I was stranded! And I couldn't believe my luck. The entire morning had been rush rush rush...and here I stand beside a man who had already rubbed me the wrong way on several occasions, yet he was still practically a stranger. Yes, I had seen him at other meetings throughout the past few months, and with each encounter I came away feeling that I would dearly love to get him alone one day and tell him exactly what I thought of him. Well, needless to say that old proverb of "Be careful what you wish for" popped into my mind, for here I stood with the most arrogant...and the most good looking man I had ever had the misfortune to run across.
It had been raining as I parked my car and ran into the fifteen-story building. The meeting was to start promptly at nine-o'clock. I nearly dropped my briefcase and my whole week of preparations to present. I panicked as I grabbed it and dashed into the building literally running across the lobby to catch the elevator. I felt like a drowned rat as I breathed a sigh of relief knowing that I would make it in time.
The elevator was crowded and seemed to crawl through each floor slower than what I remembered from this building...one, two, three...and finally stopping at the sixth floor leaving just me and one other person. I looked over and couldn't believe it was 'him'! 'Of all the luck' I thought to myself. It would have to be the one person I could not stand. As usual he had an arrogant air and I could feel myself bristling as a cat arching it's back. He acted as though I were not even there.
Suddenly, as the doors closed and the elevator started to move on its way up to the ninth floor....it jerked several times and finally stopped....no movement now at all. I know the sheer horror must have shown on my face. My eyes widened as I looked over at him. I could see the sudden alarm on his face as well
I hated elevators to begin with, actually I hated any type of confinement. I have always been this way and now I could feel myself shaking as I leaned against the metal wall and held onto the rail. He watched me and then spoke. His tone surprised me for he was not the egotistical and usual disgusting person as in the previous meetings. He showed genuine concern.
"I'm sure this is temporary. Things like this happen all the time." He tried to smile but it didn't quite reach through my fear.
"Ummmm do...do you think we should use the phone...you know...to call for help?"
He continued to smile and said, "Yes, that's a good idea."
I held my briefcase even closer to me as if it could somehow save me from this situation. Instinctively I backed away from his closeness, although there really was not far to go in the confines of an elevator. He smiled at my discomfort of his nearness. I couldn't help but think...'If you only knew how I felt about you.' He was once again the 'take charge' guy as he attempted several times to use the phone that hung securely on the wall in the box. But for some reason it was not working. He tried and tried and slammed it down with a few expletives about "damn equipment".
He turned to look at me and calmed down a bit. "Guess we'll have to wait to be rescued."
I nodded at him and as he reached out to take my briefcase, I could feel myself physically shaking with tears threatening.
"My name is Lance," he said pointing to the top of the elevator..."Just like the name of this broken down piece of shit. I know I've seen you at meetings before but we've not been properly introduced." He smiled and suddenly he seemed like a totally different person than he did standing before an entire room of people expressing his opinions.
Although I couldn't quite smile, I took his extended hand... which was so strong and warm.
"Hi back...I'm Elaine."
He set my briefcase down beside of his and he could still see the fear and my discomfort.
"Afraid of elevators...or is it me?"
I was stunned at his question making me even more aware that he knew I had found him quite offensive in the past.

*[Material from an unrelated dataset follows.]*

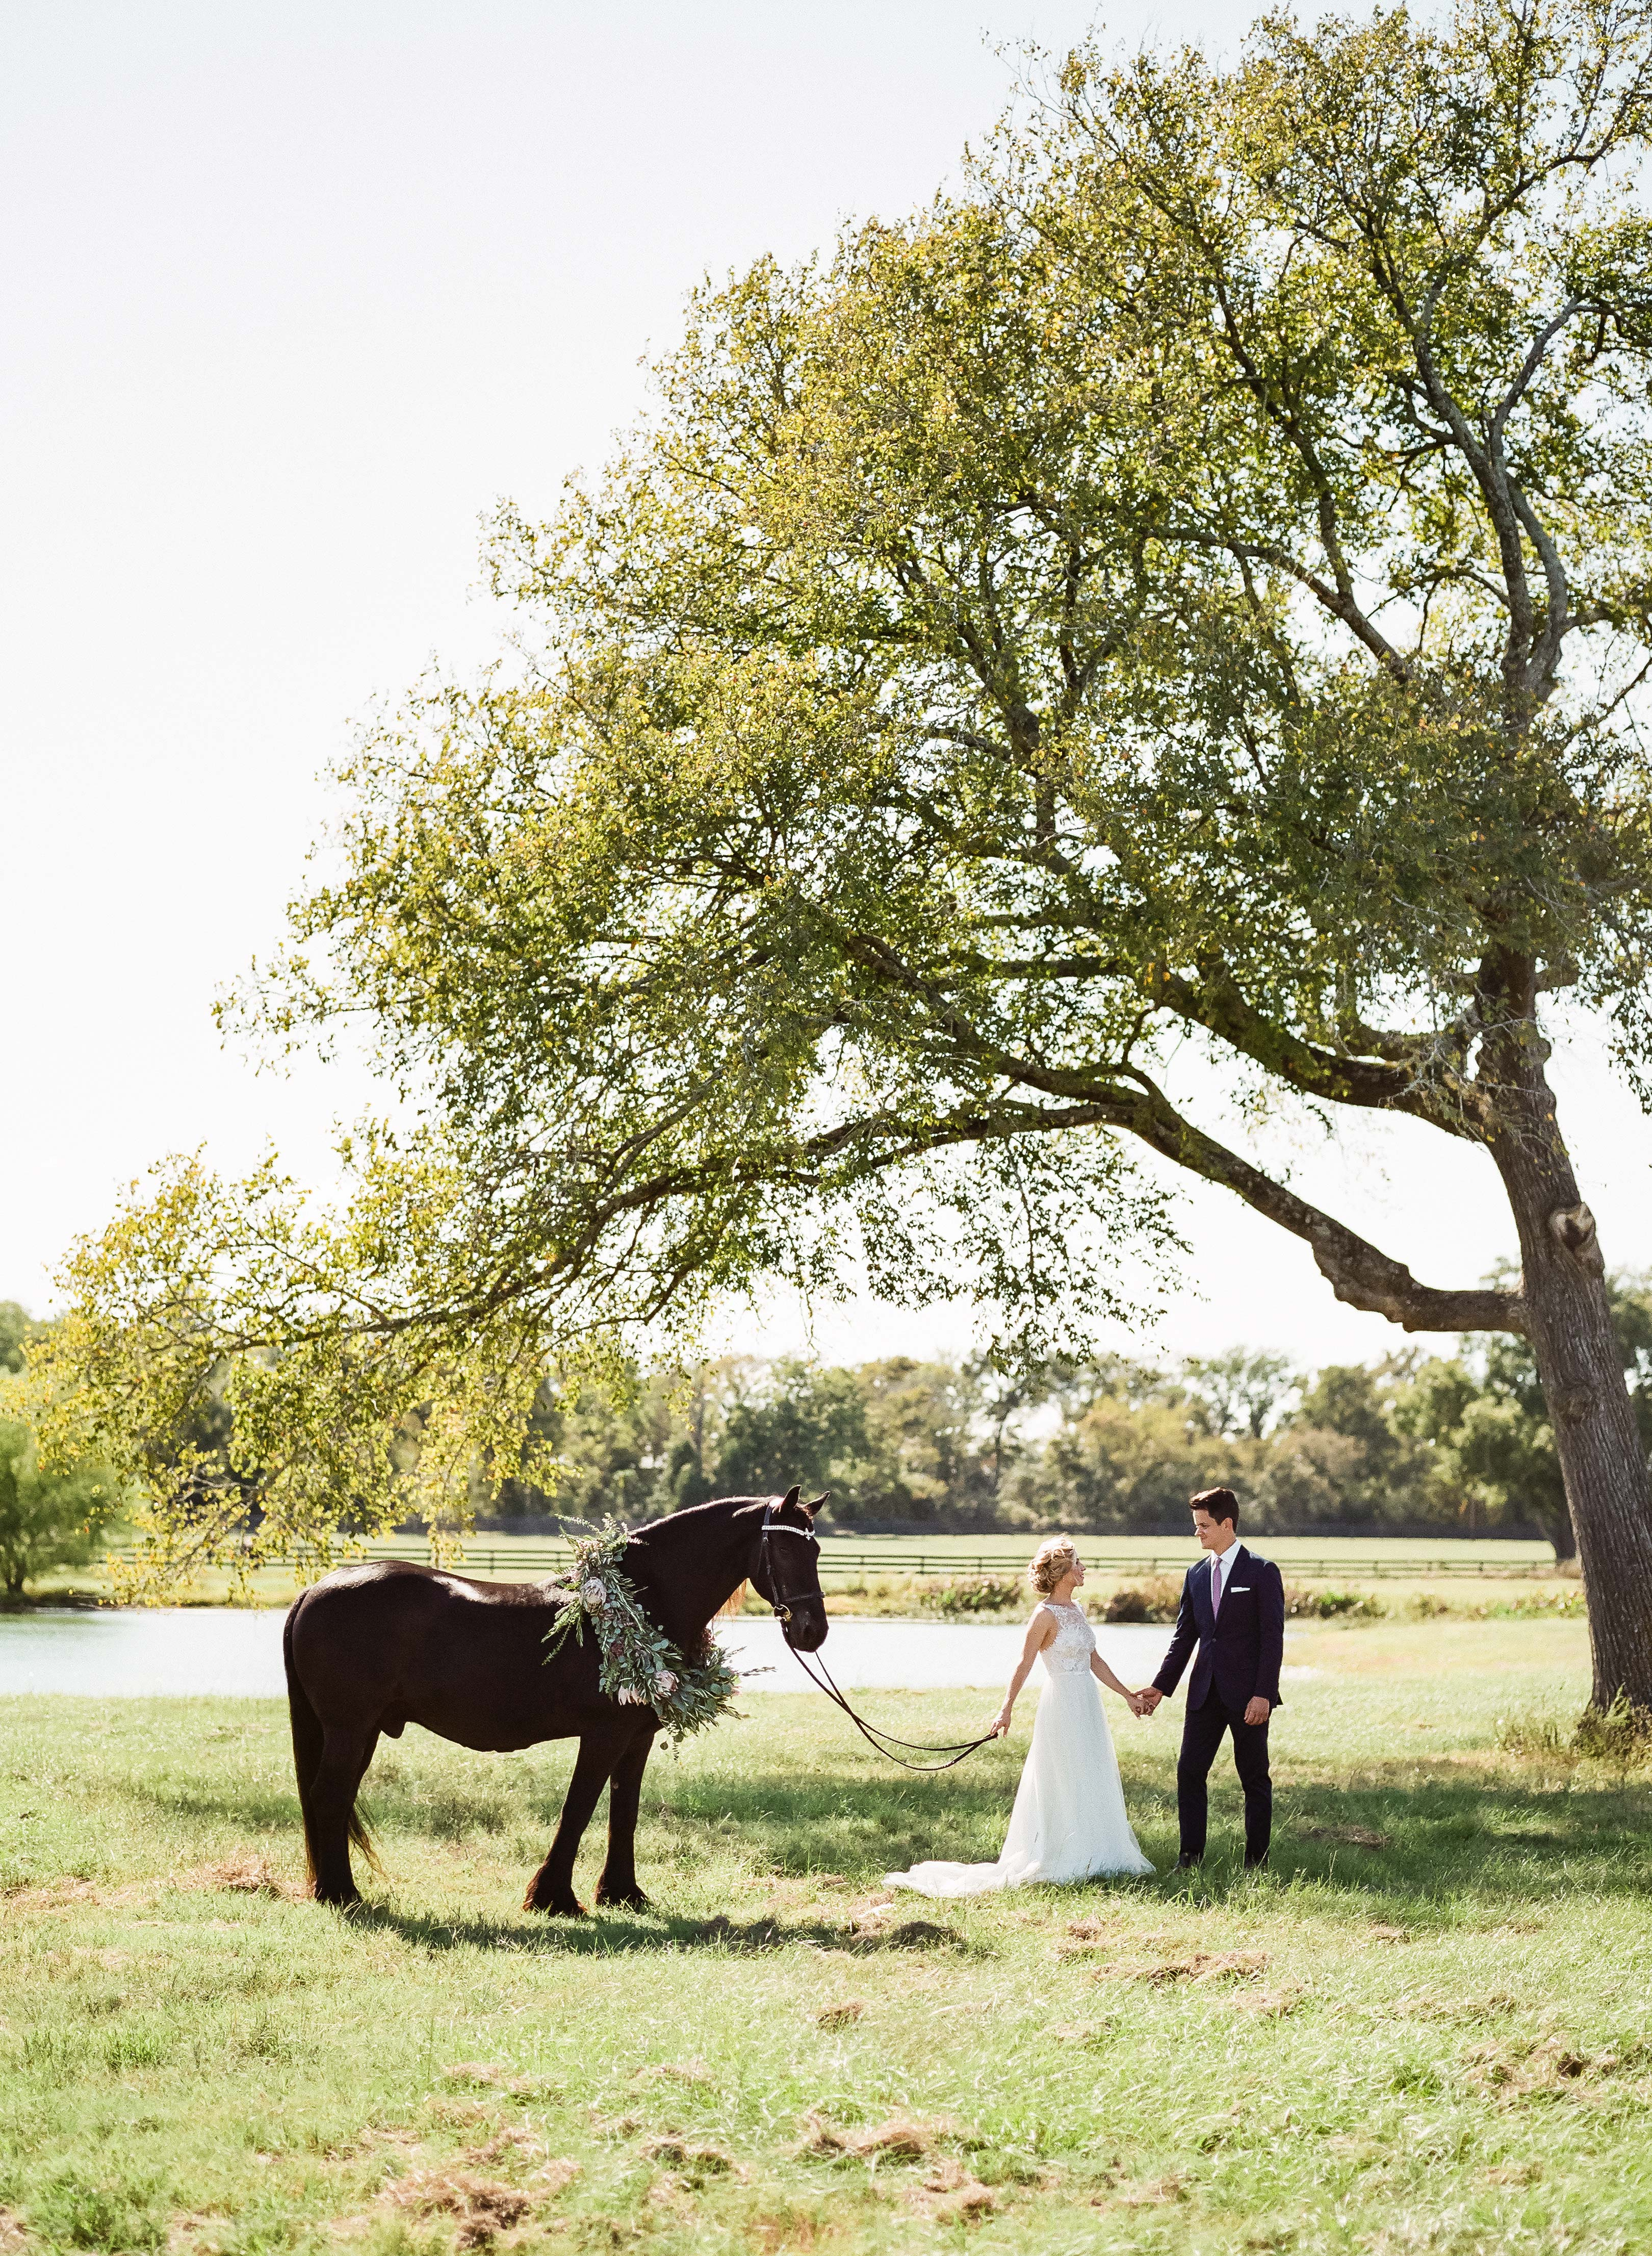 wedding couple with horse

"I, ummm I...." What was wrong with me? I couldn't even seem to talk to the man. His effect on me was different from the past...or was it? For I had always found him attractive but then, I had never been quite 'this' close to him either. He had the most gorgeous looking eyes that made me want to melt. Yes, the elevator situation definitely had unnerved me, but not nearly as much as being this close to a man that I abhorred only to realize that the 'fine line' between not liking and liking someone had been so thin. I was attracted to him and never would admit it to myself.
When I looked back up into his eyes, it was if he could tell all the emotions that were going on within my head. His smile said a lot. What I didn't realize was that he too found me quite attractive...and he was looking at my trembling lips now. I would start to speak, and then stop. He took a step closer to me and reached out to hold me. I welcomed his arms for I was scared, but now, as he held me....everything felt 'right'. And I realized that the only real thing to be afraid of ....was myself....my feelings and what he brought out in me. My heart was beating faster and faster. I was still shaking, but not from fear. Did he know 'why' I was so nervous?
His arms continued to hold me and then I felt his hand rubbing up and down my back making me relax and welcome his touch. I had my eyes closed as I leaned against him never realizing that he was watching me in the reflective metal as he soothed and comforted me. He pulled me with him as he took several steps backward and leaned against the wall. I did not see his face ...but his hands began to move up and down my back...moving to my hips. I moved slightly as one hand began to play with my hair. Did I moan? Or was it my imagination?